[[ The input, beginning ]]

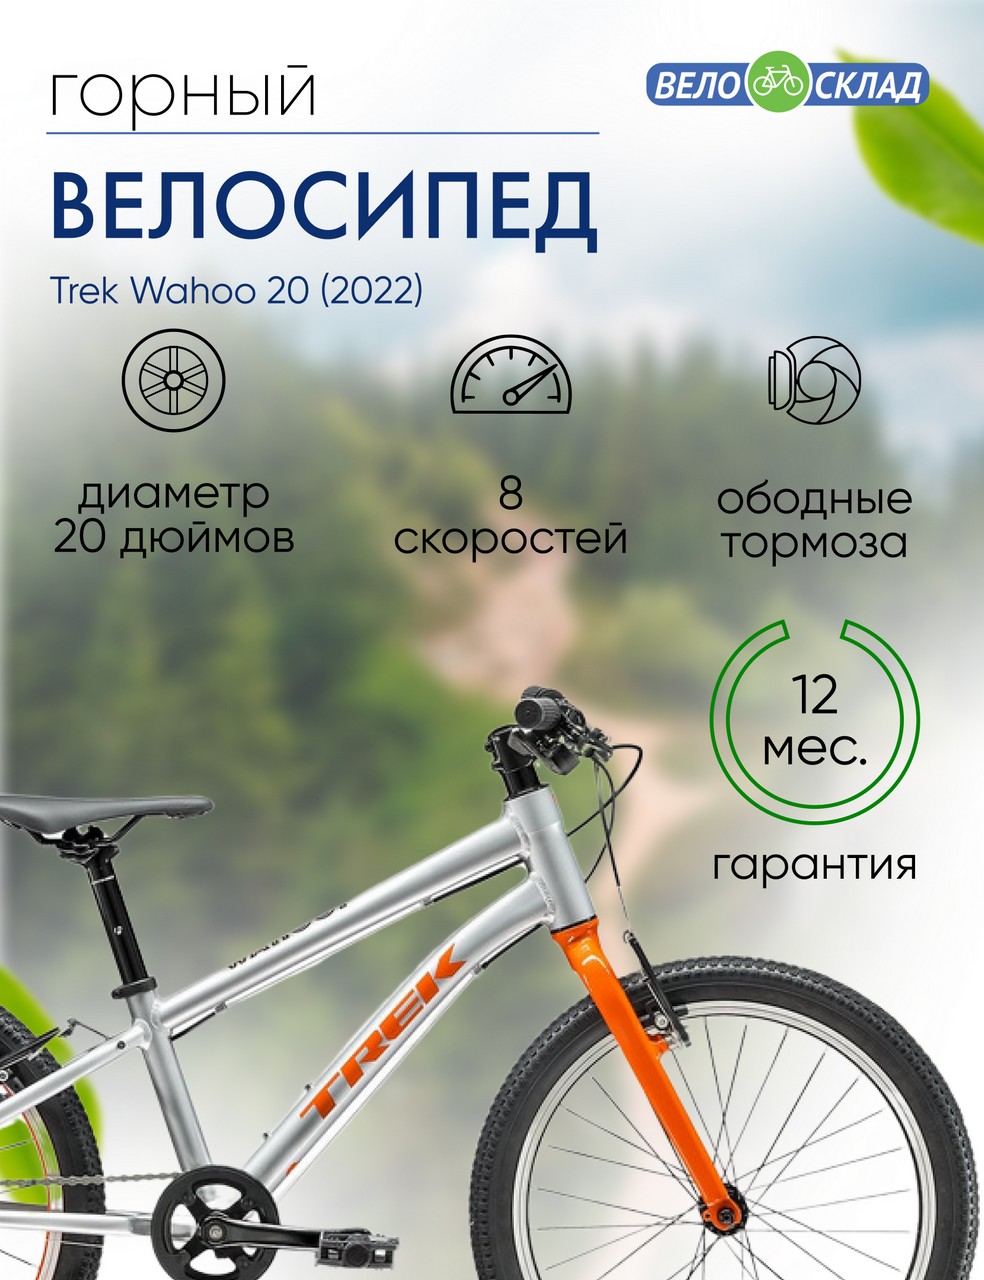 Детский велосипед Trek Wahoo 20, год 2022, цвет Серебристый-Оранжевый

[[ The input, end ]]
[[ The input, beginning ]]

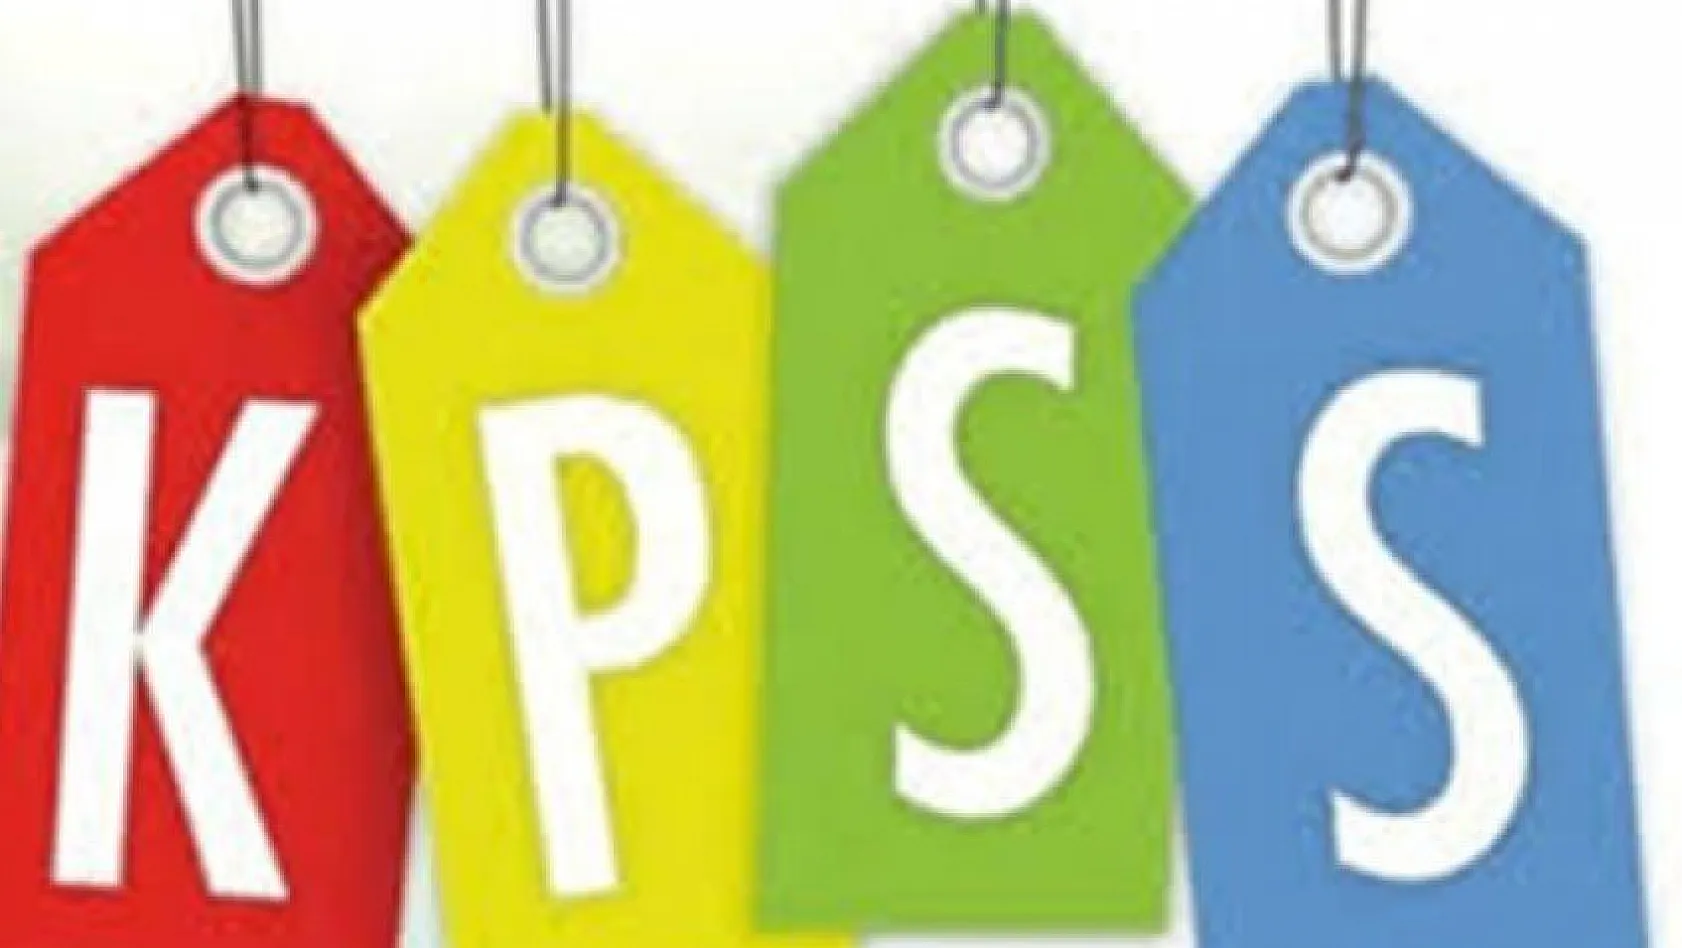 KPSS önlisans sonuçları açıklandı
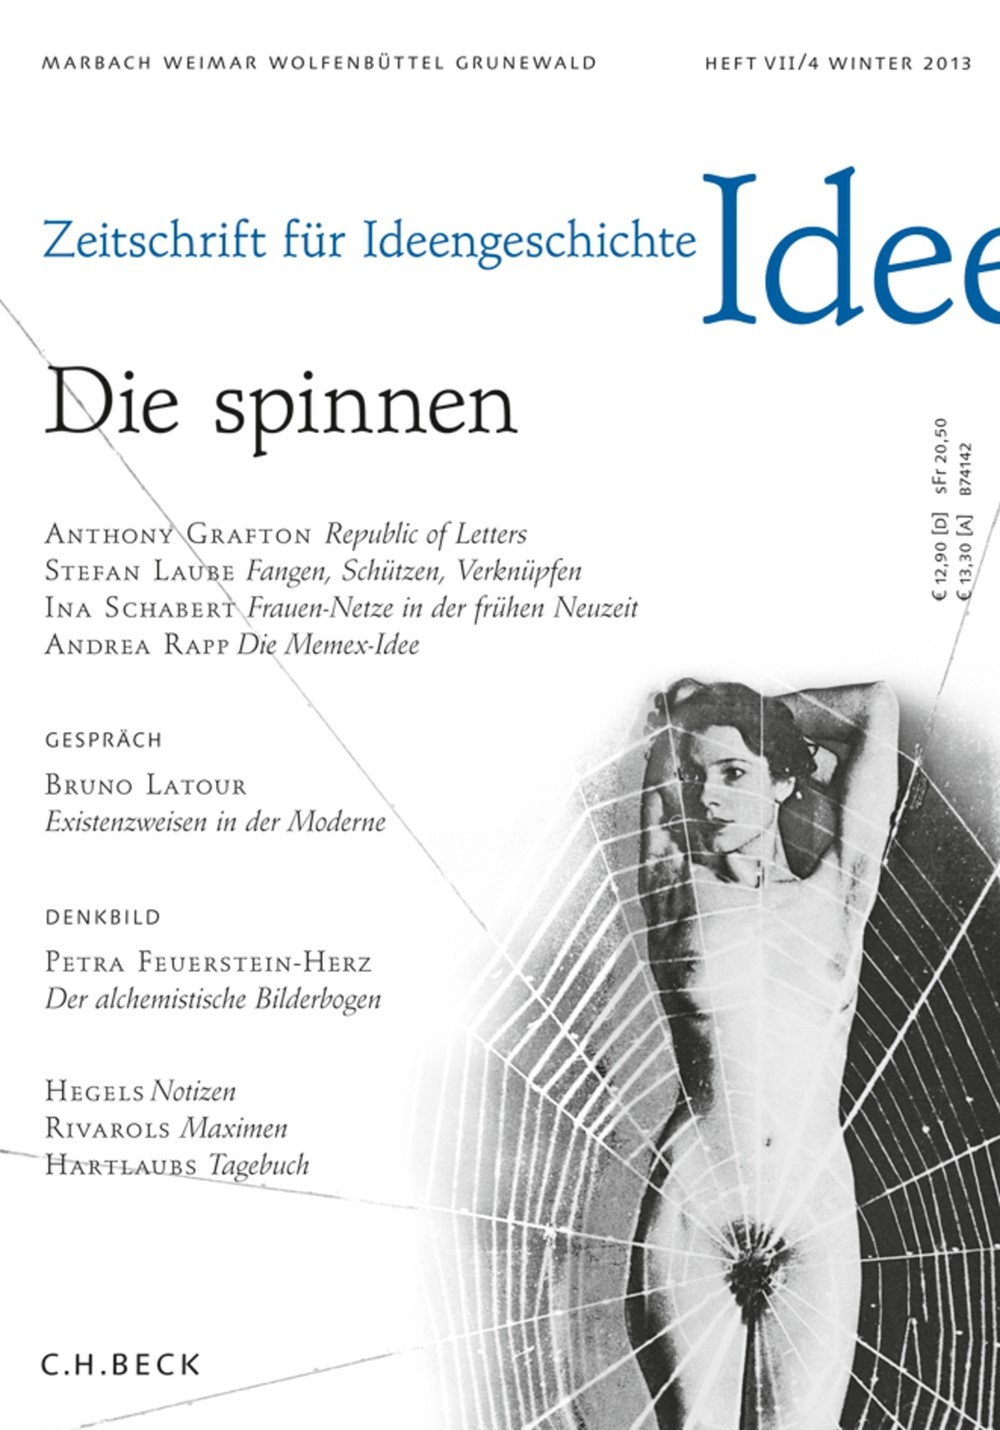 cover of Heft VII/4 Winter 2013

[[ The input, end ]]
[[ The input, beginning ]]

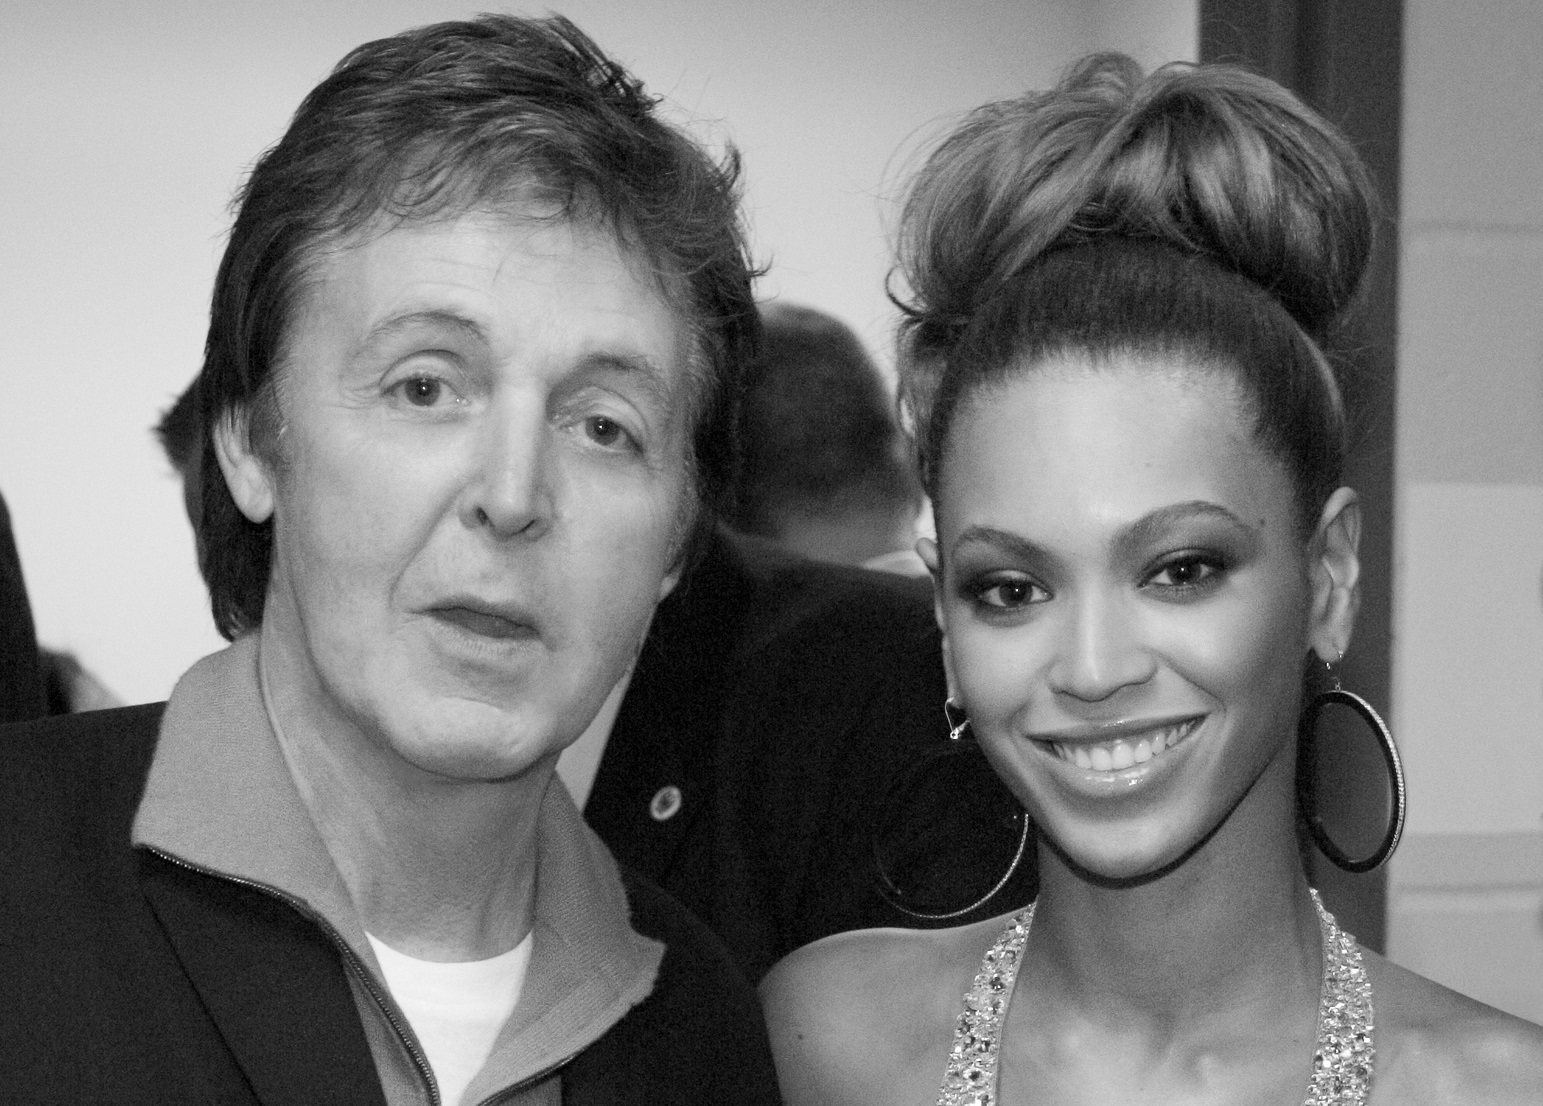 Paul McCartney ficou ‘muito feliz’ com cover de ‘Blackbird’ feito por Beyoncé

[[ The input, end ]]

**Work to complete**
Output only the lines above from the one containing "KPSS önlisans sonuçları açıklandı" to the one containing "cover of Heft VII/4 Winter 2013", both included, exactly as written and with no pictures.

**Response area**
 KPSS önlisans sonuçları açıklandı
 cover of Heft VII/4 Winter 2013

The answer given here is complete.